How to Follow an Investment ‘Tough Guy’

Broad shoulders… puffed-out chest… and completely in charge of the situation.

Most of us have imagined ourselves in the shoes of the “tough guy” at one time or another.

But in investing, it’s a different story…

That’s because tough-guy investing is a road to ruin for most of us.

It takes serious monetary muscle to pull off the kind of investing that really pushes a company around. And most investors simply don’t have access to that kind of capital.

What’s more, candidates for tough-guy activism often have serious problems.

These companies might have complex liabilities or weak balance sheets. Or they might involve what one real-life investment tough guy calls “corporate malfeasance and weak corporate governance.”

Ultimately, most of us will never become an investment tough guy. But fortunately, thanks to the stock market, we can become this real-life investment tough guy’s sidekick.

Let me explain…

You might’ve heard Carl Icahn’s name before…

In short, Icahn is a famous activist shareholder. He’s willing to roll up his sleeves. He likes to push management to make beneficial changes. He’s a real-life investment tough guy.

His flagship business is Icahn Enterprises (IEP).

It’s a publicly traded limited partnership. Icahn owns between 85% and 90% of the units. The rest trade on the Nasdaq exchange. Investors like us can buy and sell them like any stock.

To understand Icahn Enterprises, it’s best to compare it with another company that many investors know. I’m talking about Warren Buffett’s famous Berkshire Hathaway (BRK-B).

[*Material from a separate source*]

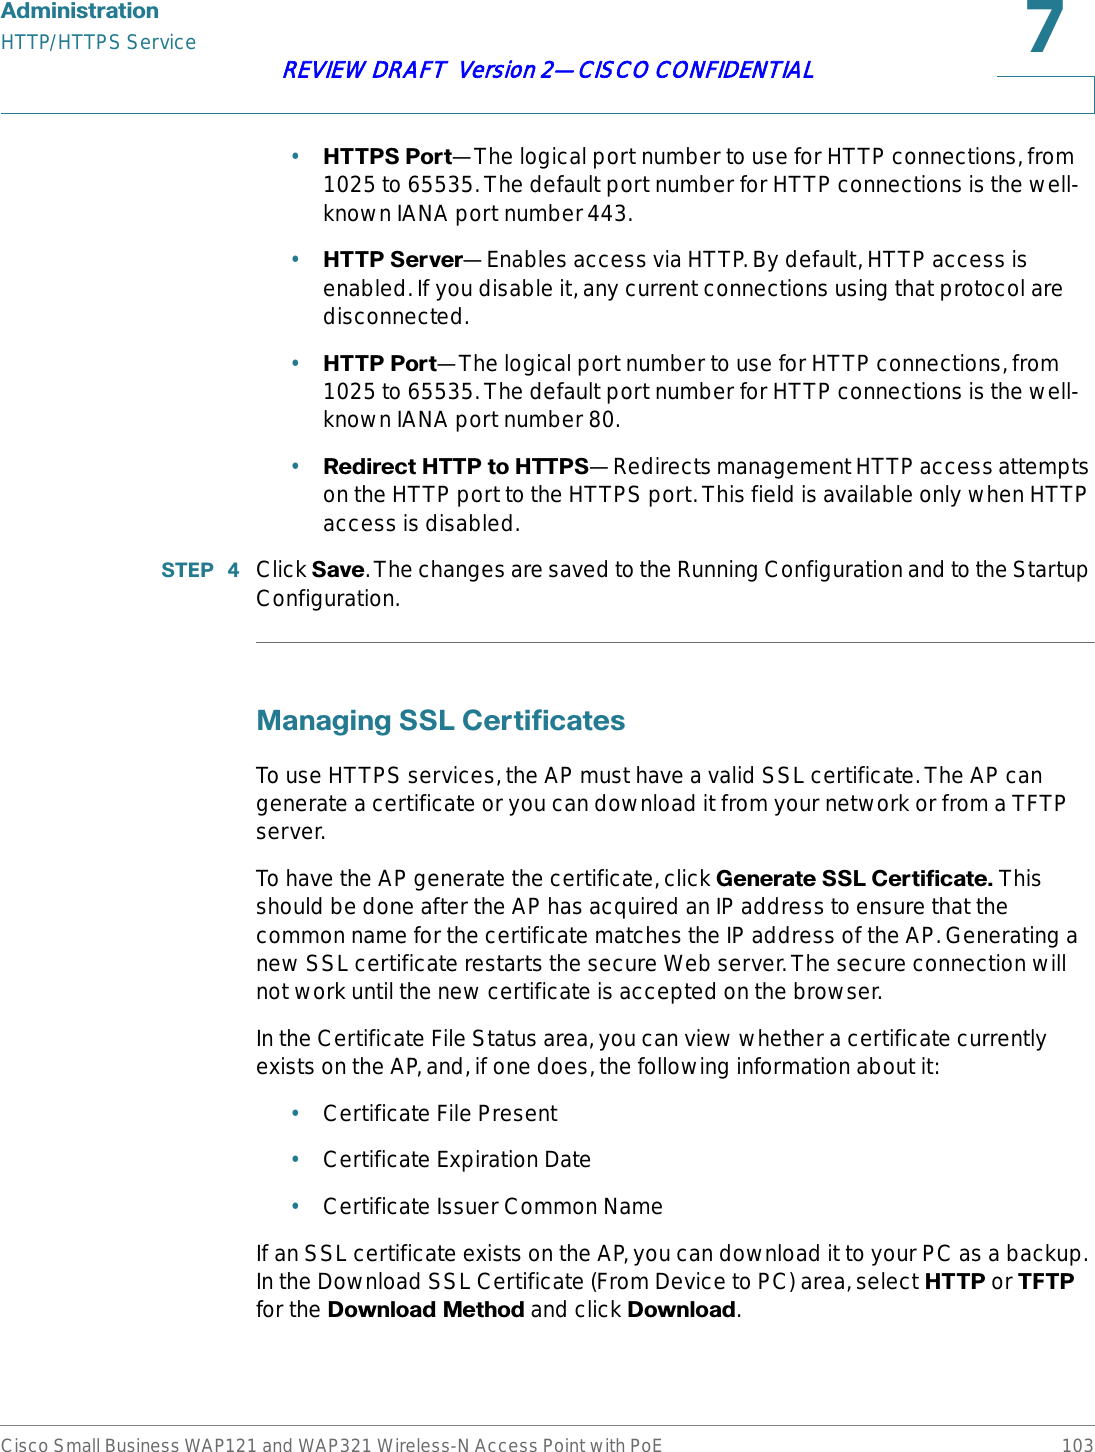 $GPLQLVWUDWLRQHTTP/HTTPS ServiceCisco Small Business WAP121 and WAP321 Wireless-N Access Point with PoE 103REVIEW DRAFT  Version 2—CISCO CONFIDENTIAL•+77363RUW—The logical port number to use for HTTP connections, from 1025 to 65535. The default port number for HTTP connections is the well-known IANA port number443. •+7736HUYHU—Enables access via HTTP. By default, HTTP access is enabled. If you disable it, any current connections using that protocol are disconnected.•+7733RUW—The logical port number to use for HTTP connections, from 1025 to 65535. The default port number for HTTP connections is the well-known IANA port number 80. •5HGLUHFW+773WR+7736—Redirects management HTTP access attempts on the HTTP port to the HTTPS port. This field is available only when HTTP access is disabled.67(3  Click 6DYH. The changes are saved to the Running Configuration and to the Startup Configuration.0DQDJLQJ66/&amp;HUWLILFDWHVTo use HTTPS services, the AP must have a valid SSL certificate. The AP can generate a certificate or you can download it from your network or from a TFTP server. To have the AP generate the certificate, click *HQHUDWH66/&amp;HUWLILFDWH This should be done after the AP has acquired an IP address to ensure that the common name for the certificate matches the IP address of the AP. Generating a new SSL certificate restarts the secure Web server. The secure connection will not work until the new certificate is accepted on the browser.In the Certificate File Status area, you can view whether a certificate currently exists on the AP, and, if one does, the following information about it:•Certificate File Present•Certificate Expiration Date•Certificate Issuer Common NameIf an SSL certificate exists on the AP, you can download it to your PC as a backup. In the Download SSL Certificate (From Device to PC) area, select +773 or 7)73for the &apos;RZQORDG0HWKRG and click &apos;RZQORDG.

Icahn Enterprises and Berkshire Hathaway both have two elements…

First, each company contains a collection of wholly owned operating businesses.

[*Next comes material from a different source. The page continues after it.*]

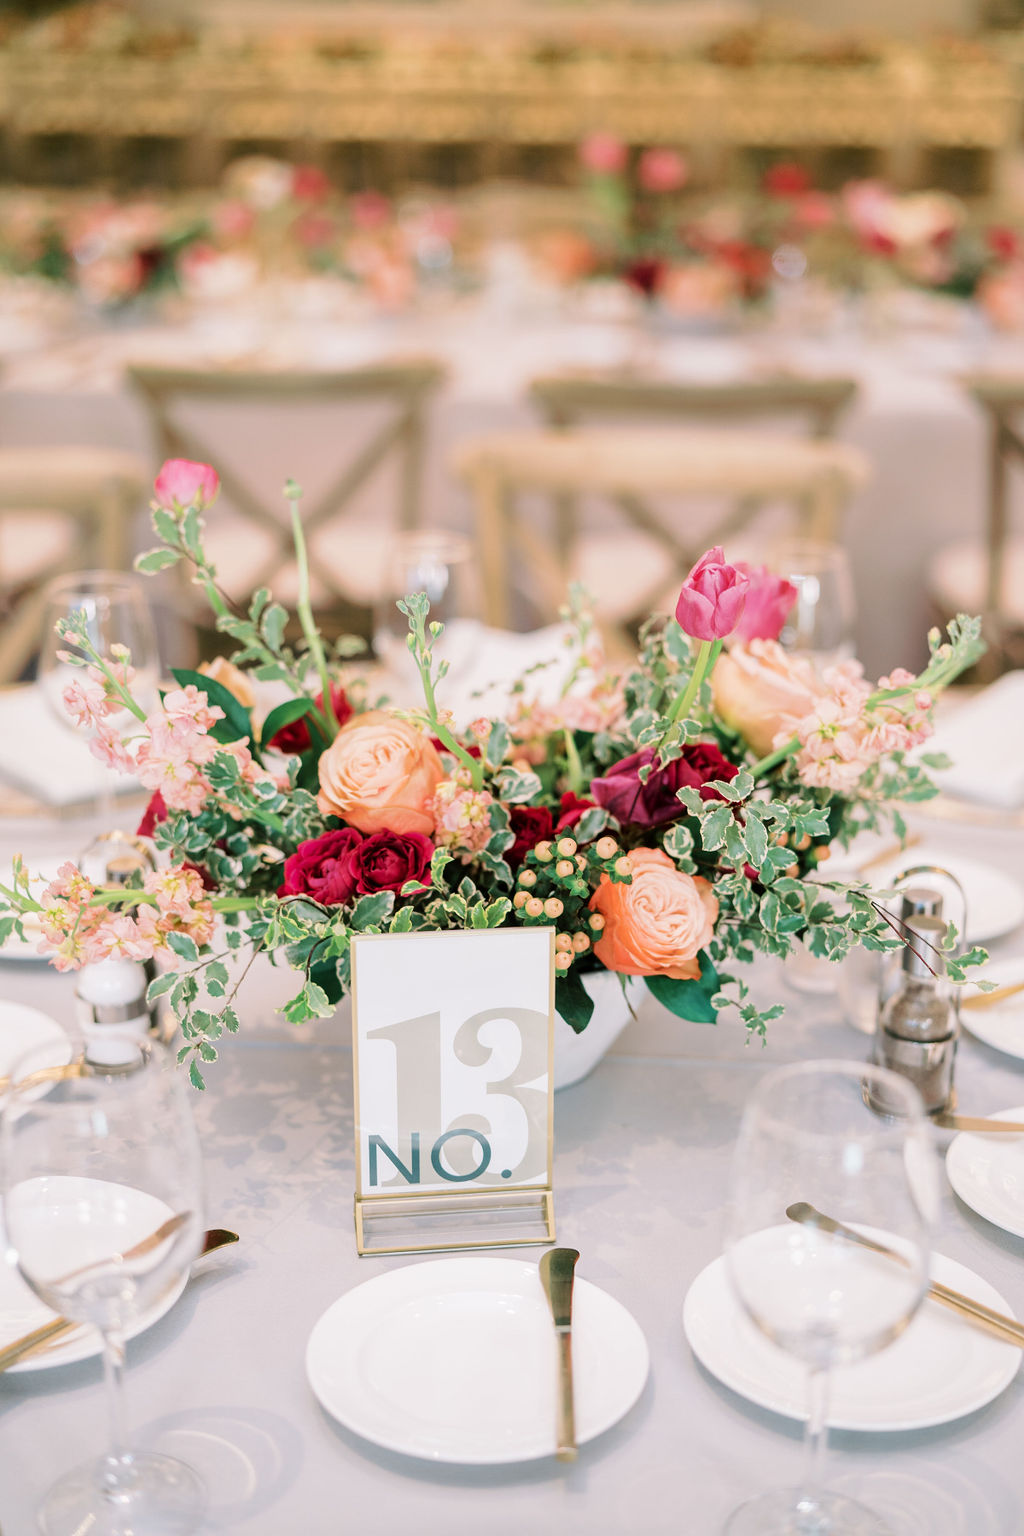 Reception centerpiece in white vase of pink and peach flowers.

Berkshire Hathaway is known for its ownership of car-insurance business Geico, railroad BNSF Railway, and battery maker Duracell. It also owns many other smaller businesses in a wide variety of fields.

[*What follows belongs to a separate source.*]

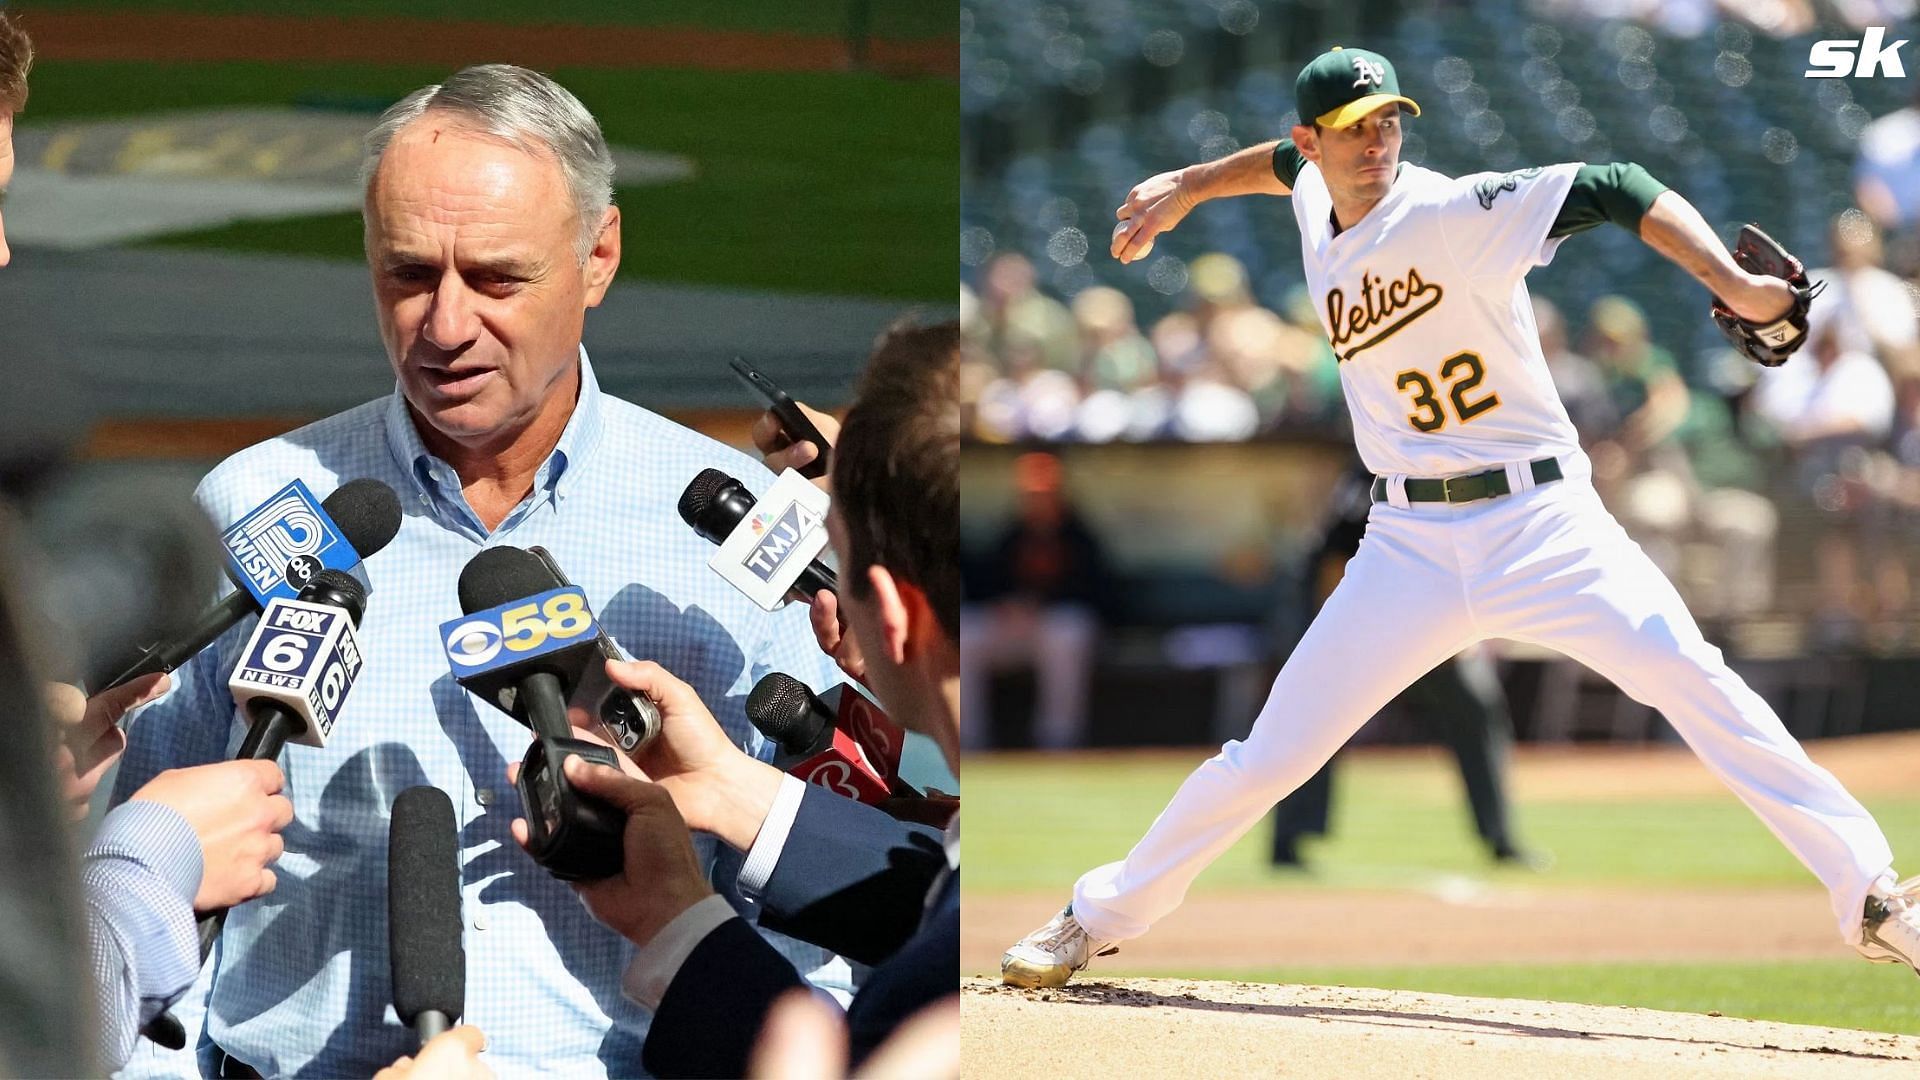 F—king pathetic': Former Oakland A's pitcher blasts MLB commissioner

Icahn Enterprises also has operating subsidiaries. These businesses include auto-parts retailer Pep Boys, petroleum refiner and fertilizer maker CVR Energy, bed-and-bath décor producer WestPoint Home, and more.

The second element of both Berkshire Hathaway and Icahn Enterprises is more important to us. In short, each company also has its own investment portfolio.

That’s where the two companies diverge…

You see, with Berkshire Hathaway, Buffett invests in great businesses with great management teams. Two examples are Apple (AAPL) and Coca Cola (KO).

But on the other hand, Icahn Enterprises tackles underachievers.

Then, after investing in these underachievers, Icahn tries to unlock value. He may pursue “tender offers, proxy contests, and demands for management accountability.”

In other words, as I said… Icahn is a real-life investment tough guy.

And Icahn’s willingness to be an investment tough guy has worked well. Here are some noteworthy gains on investments he has sold in recent years…

  • In 2017, a 33% gain on an investment in American Railcar Leasing
  • In 2018, gains of 4.7%, 34%, and 19% on investments in Federal-Mogul, Tropicana, and American Railcar Industries, respectively
  • In 2019, a 31% gain on Ferrous Resources
  • In 2021, a 31% gain on PSC Metals
  • And most recently, he won big with an investment in Twitter

Now, most of us don’t have the investing capital to make deals like this on our own. But as I said, since Icahn Enterprises trades on the open market… we can be his sidekick.

Through the partnership, these investors wind up participating in Icahn’s big winners. And the company funds its dividend using its gains (along with operating profits).

Icahn Enterprises has paid out $2 per unit every quarter for the past four years. At the stock’s current level, that works out to an incredible yield of roughly 16%.

That’s an eye-opener. As regular readers know, I would usually call that a “sucker yield.”

Double-digit yields like that typically signal troubled companies. The companies may cut or omit future dividends. So the supposed mega-yield often turns out to be a pipe dream.

However, as an investment tough guy, Icahn plays by a different set of rules…

His spectacular track record proves that he’s not a sucker. For decades, he has generated incredible wealth for himself – and his investment sidekicks through Icahn Enterprises…

Icahn Enterprises’ stock generated a 15% annualized total return (capital gains plus dividends) since the beginning of 2000.

That dwarfed the 6.7% annualized total return of the SPDR S&P 500 Fund (SPY) over that span. And it also trounced the 10.4% annualized total return of Buffett’s Berkshire Hathaway.

Put simply, Icahn is living the dream as an investment tough guy.

Most investors like us could never follow in his footsteps. We don’t have enough capital.

But fortunately, Icahn still welcomes sidekicks.